We had our first frost on Thursday night  6 weeks before we normally should. It appears to have been very localized and we were among the lucky few that got hit. Cukes, beans, and cantaloupe are done. Tomatoes took a pretty good hit but the plants had a lot of foliage and only the outer layers seem to have been affected. It doesn't appear that any of the fruit was ruined. It looks like the corn is going to pull through also. What a lousy growing season.


----------



## Canadian (Dec 14, 2008)

Frost so soon? I'm in Canada and there's no frost here. You have some strange weather.


----------



## Jason (Jul 25, 2009)

Wow. Keep that on your side side of the state. we still have corn and sun flowers that aren't even close to being ready to harvest.


----------



## CVORNurse (Oct 19, 2008)

I feel your pain uncle Joe. I planted my first ever fall garden 3 weeks ago. Since then, the weather has been unseasonably cool for south Arkansas. Friends at work tell me not to worry, but..... I really want those greenbeans to put up. Only got 4 quarts this summer to preserve. Rest we ate, it had been so long for fresh ones.
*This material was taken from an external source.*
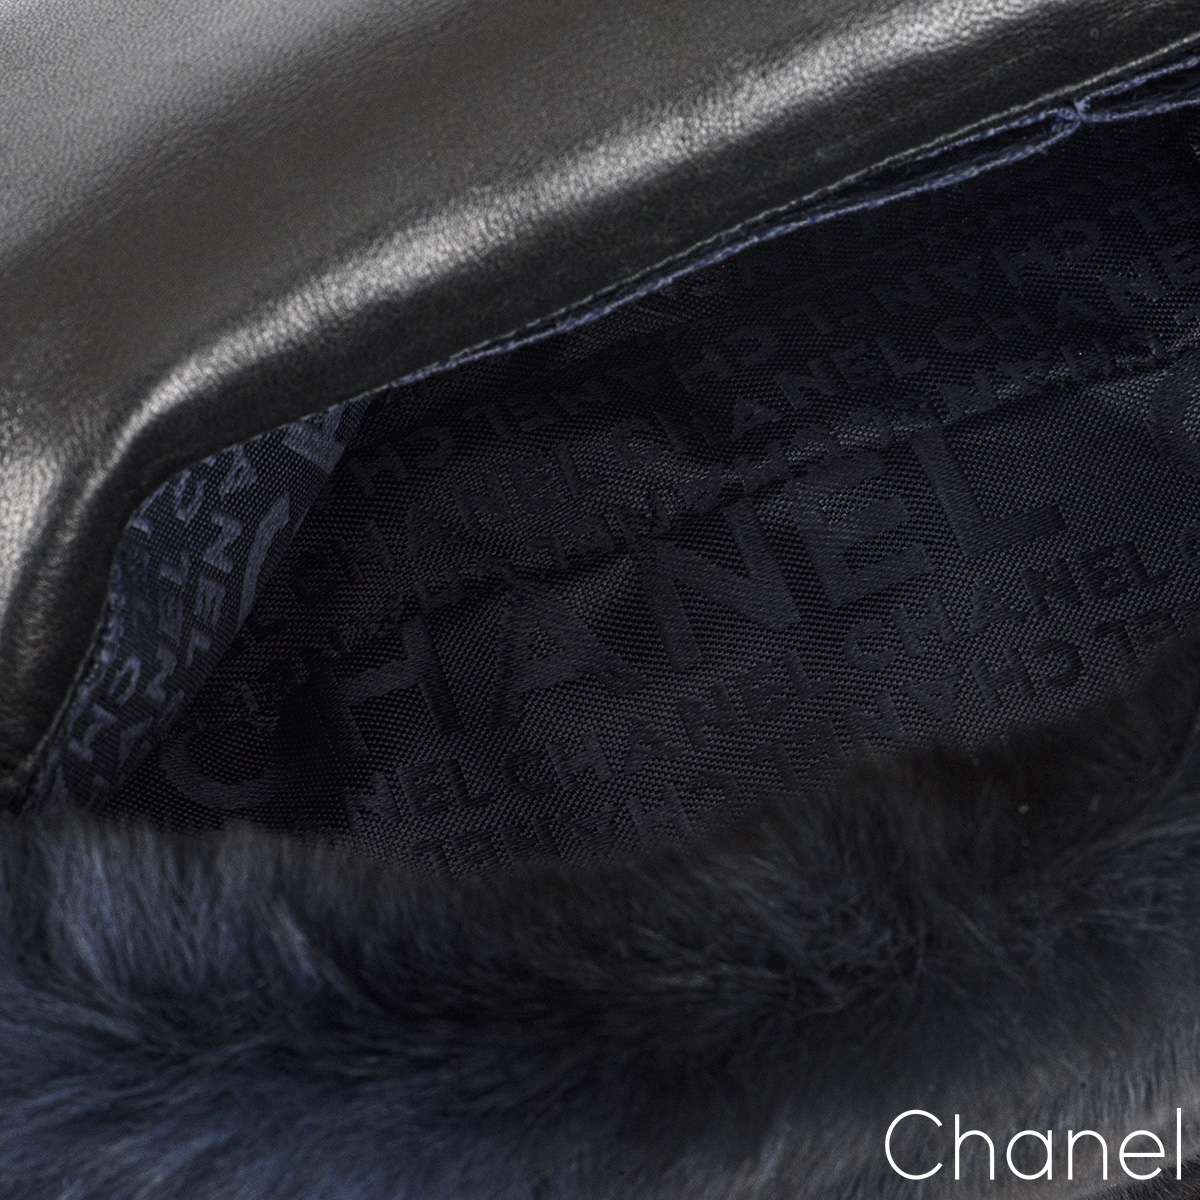 Chanel Orylag Triple Chain Flap Bag

Now I am going to enjoy the unseasonable coolness by turning on my attic fan today and doing some cleaning out.


----------



## UncleJoe (Jan 11, 2009)

Over the weekend I took a close look at everything. The tomato vines are all dying so I pulled off the larger ones and brought them inside to hopefully ripen. Corn looks good as well as the second planting of peas, beets, and broccoli. 
We have low rolling hills here. It appears that enough cold air settled into the hollow where the lower garden is planted to give us the frost. The corn is more at the top of the hill, about 20' higher than everything else. I guess that's what saved it.


----------



## sailaway (Mar 12, 2009)

I live right by Lake Erie, the lake keeps us warm right into November, no frost until then. Towns 10 miles south do get frost earlier though. Our only problem is when spring comes we stay cool right until the end of May or early June.


----------